Historical materialist traditions haven’t contributed a lot to this and - despite feminists’ attention to ‘the personal’ - by far the best approach that I know, to this vital, pivotal stuff, is not any kind of psychoanalytic approach, but the **dhamma tradition** of Buddhist ‘psychology’. There’s a hundred generations of practice and theory here . . . on the relationship of the analytical-theoretical mind and the (in-the-body) heart-mind, and on the circumstantial arising of activist intention and what Marxism called ‘false consciousness’. This stuff is absolutely materialist, deeply (evolutionarily) historical, practice-centred and actionable.
In the 70s I researched the pre-WWII **Left scientists’ movement** in Britain, the post-war emergence of management science and the tacit politics of ‘the systems approach’. Later in the 70s I became a trade-union activist in the chemical industry, forming the ICI **joint shop stewards’ committee research coop** and later, writing *Living thinkwork - Where do labour processes come from?* I co-founded the **Radical Science Journal** editorial collective and was commissioned to write a popular review of positions in ‘radical science’ - *Science or society - The politics of the work of scientists* - to accompany a short-lived Channel-4 TV series, *Crucible*.
In the 80s I was a ‘technologist-economist’ in the **Industry and employment group** of ‘the Livingstone GLC’. As computers found their way into workplaces and homes in the 80s, I increasingly affiliated with the Scandinavian movement for hands-on **participatory design** of workplace IT infrastructures, and did work on women’s jobs, gender perspectives and IT. I also taught ‘science and society’ courses for the Workers’ Education Association.
Finally, career-wise, in the 90s I was a senior research fellow in the policy field of national systems of innovation (researching **knowledge-intensive business services** and **the material form of innovation services**) and a work-practice researcher/developer, in the global supply chain, in telecoms manufacturing.

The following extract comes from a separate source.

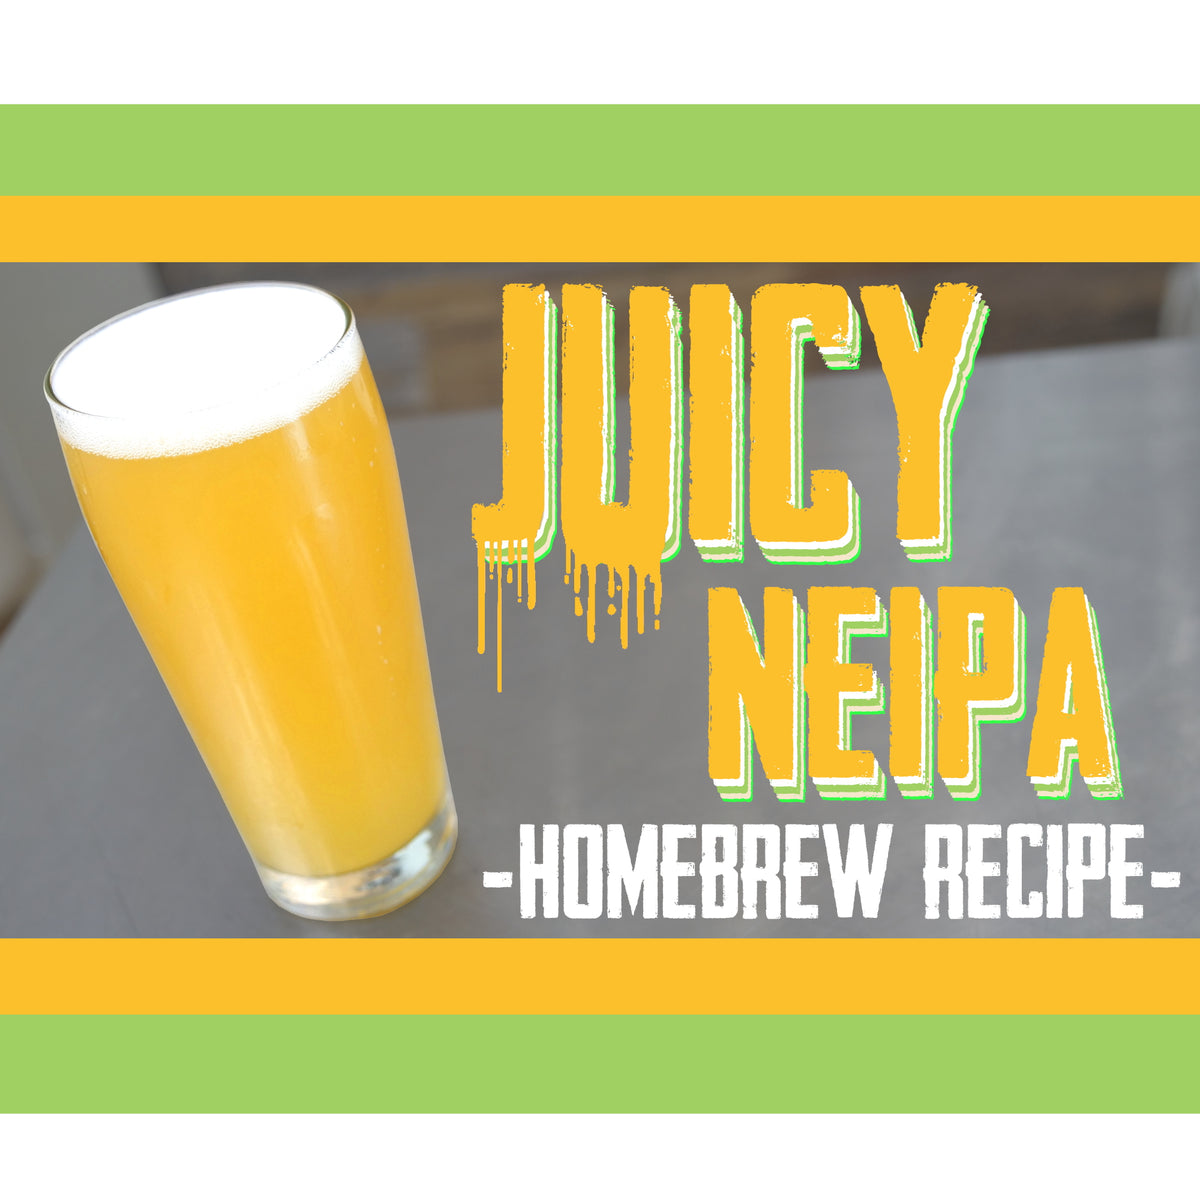 Juicy NEIPA (New England IPA) Recipe

’Retired from work’ - as we absurdly say - I’ve increasingly become involved in **baby-boomer legacy** - initially in the radical science and radical technology communities. I rapidly found myself addressing our experience of fragmentation in the libertarian Left before the 70s were through, and concerned that present-day activism - in a more complex and pressurised world - should be a whole lot better at avoiding that. Thus, having struggled (with partial success) to patch-together a life of activism, family and wage-work existence in corporate settings, it matters very much to me today, to promote deepening of activists’ capacity - to weave across **diverse institutional settings** - to address, respect and weave together quite radical **differences of emotional orientation** within our movements, and - to hold in view the whole difficult business of living **a skilful life**, as distinct from just having a political commitment, being workaholic or putting food in the fridge.